TSX ends five-day losing streak while U.S. markets make up some losses
A TMX Group ticker is seen in Toronto, on May 9, 2014. (The Canadian Press/Darren Calabrese)
Ross Marowits, The Canadian Press
Published Friday, October 12, 2018 4:44PM EDT
Last Updated Friday, October 12, 2018 5:00PM EDT
TORONTO -- Canada's main stock index snapped a five-day losing streak on Friday while U.S. markets made up some of the lost ground on a recovery in tech stocks.
Despite a strong U.S. economy, many believe investors were spooked by the prospect of a series of interest rate hikes, said Allan Small, senior investment adviser with HollisWealth.
"I think this is one huge overreaction," he said of the recent sell off.
"It's going to take a bunch of trading days for us to make back what the losses have added up to over the past few days."
The S&P/TSX composite index closed up 97.16 points to 15,414.29 after shedding 754.92 points between Oct. 4 and Thursday.

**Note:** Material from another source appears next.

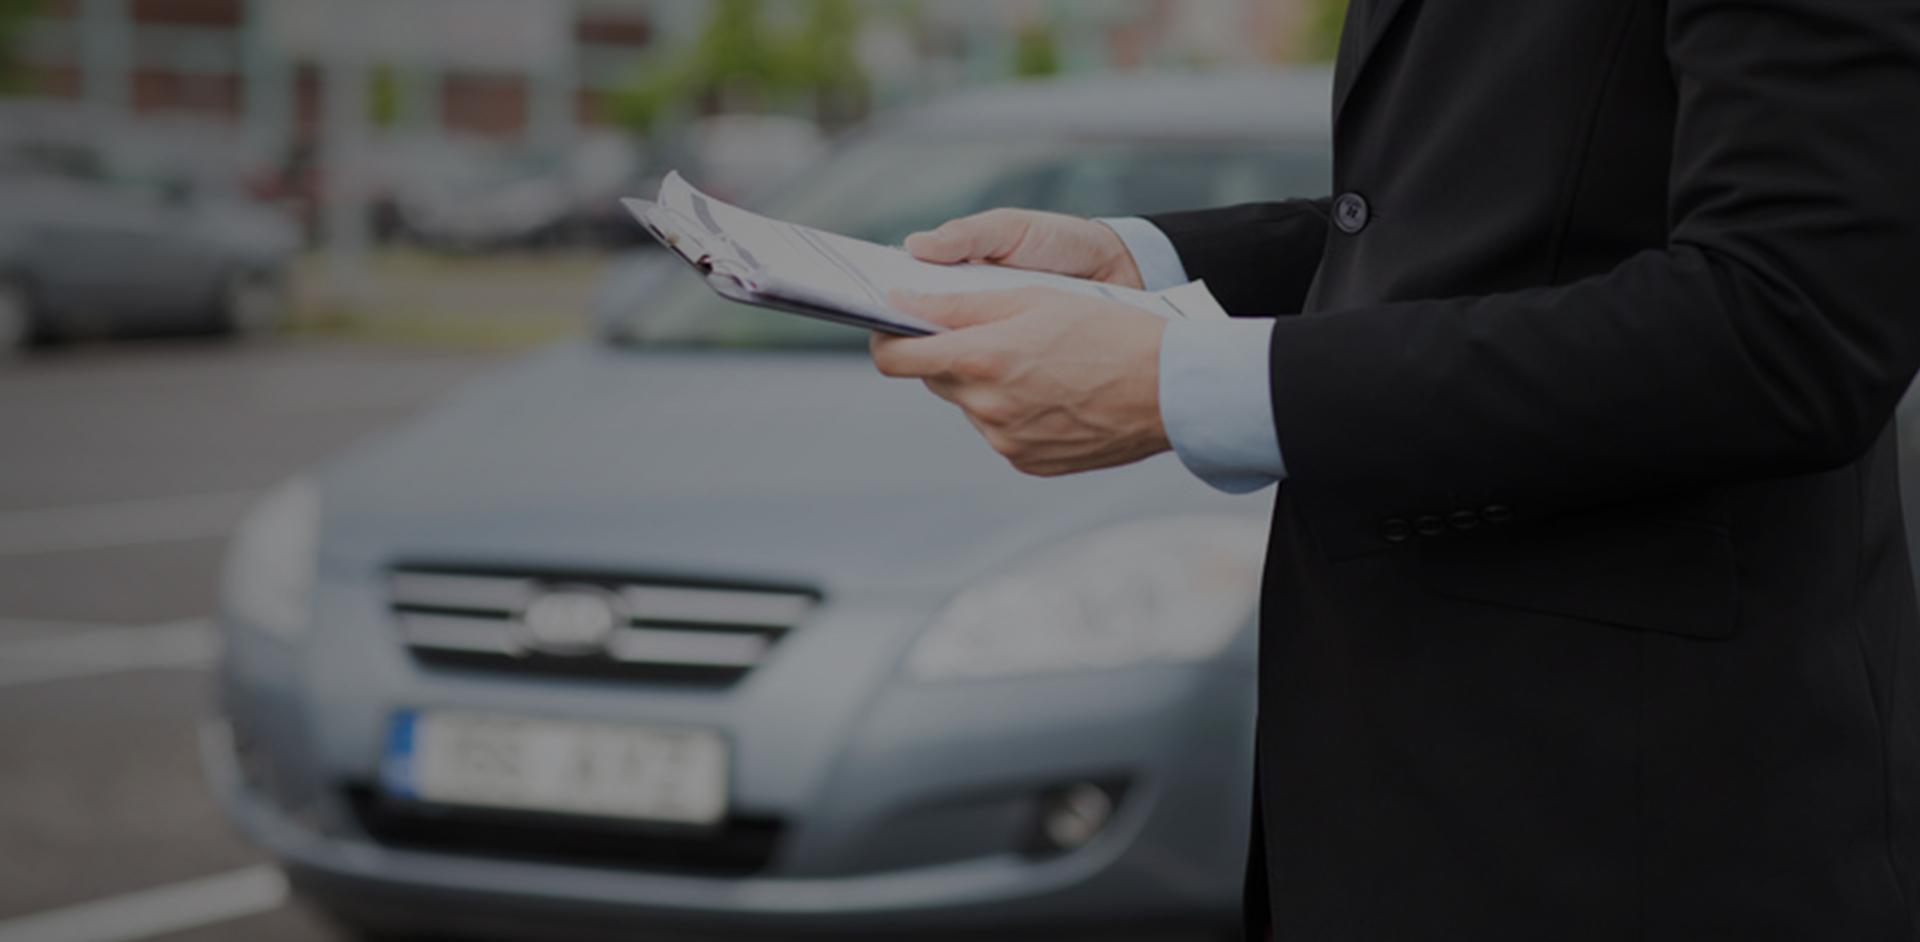 annulation de vente de voiture d u0026 39 occasion   v u00e9hicule d u00e9fectueux et r u00e9tractation

The market hit a high of 15,470.88 on the day with 289.3 million shares traded.
The health care sector led, rising 4.24 per cent with a big push from cannabis producer Canopy Growth Corp. Ten of the market's 13 sectors increased, while gold, materials and base metals were down slightly.

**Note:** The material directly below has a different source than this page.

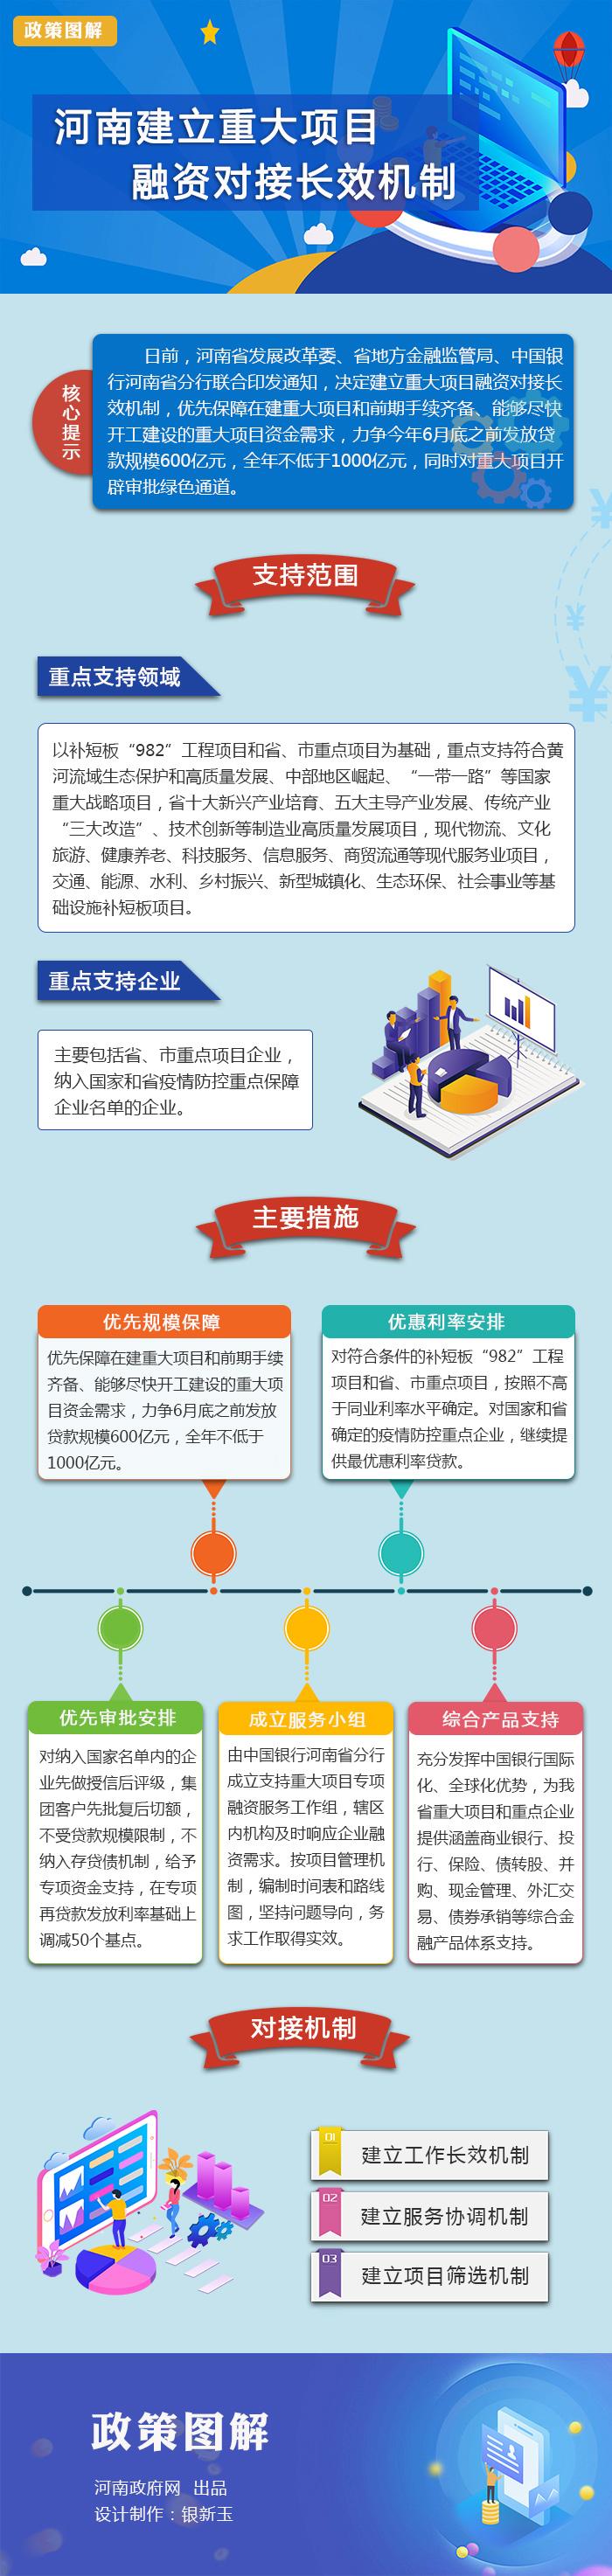 图解:河南建立重大项目融资对接长效机制

The latest sell off was smaller than the one earlier this year and Small said it could have been affected by seasonality, with markets typically falling in October, and computer algorithms that triggered selling in afternoon sessions.
"I think that this again will subside and I think the market will bounce higher. Hopefully earnings season will be the catalyst for that," he said.
Still, Small expects companies will begin to note that tariffs are starting to eat into corporate profits.
In New York, the Dow Jones industrial average gained 287.16 points to 25,339.99 after shedding 1,377.74 points in the last two days. The S&P 500 index was up 38.76 points at 2,767.13, while the Nasdaq composite rose 167.83 points to 7,496.89.
Small said people have gotten too accustomed to seeing their portfolios consistently rise and were lulled into a false sense of security.
"I think investors in my opinion were starting to get a little bit greedy. They weren't happy with the six, seven, eight, nine per cent rate of return. They were chasing the hot investment, the hot technology stock, or cannabis stock."
The Canadian dollar traded at an average of 76.74 cents US compared with an average of 76.70 cents US on Thursday.
The November crude contract was up 37 cents at US$71.34 per barrel and the November natural gas contract was down 6.1 cents at US$3.16 per mmBTU.
The December gold contract was down US$5.60 at US$1,222 an ounce and the December copper contract was up 0.25 of a cent at US$2.80 a pound.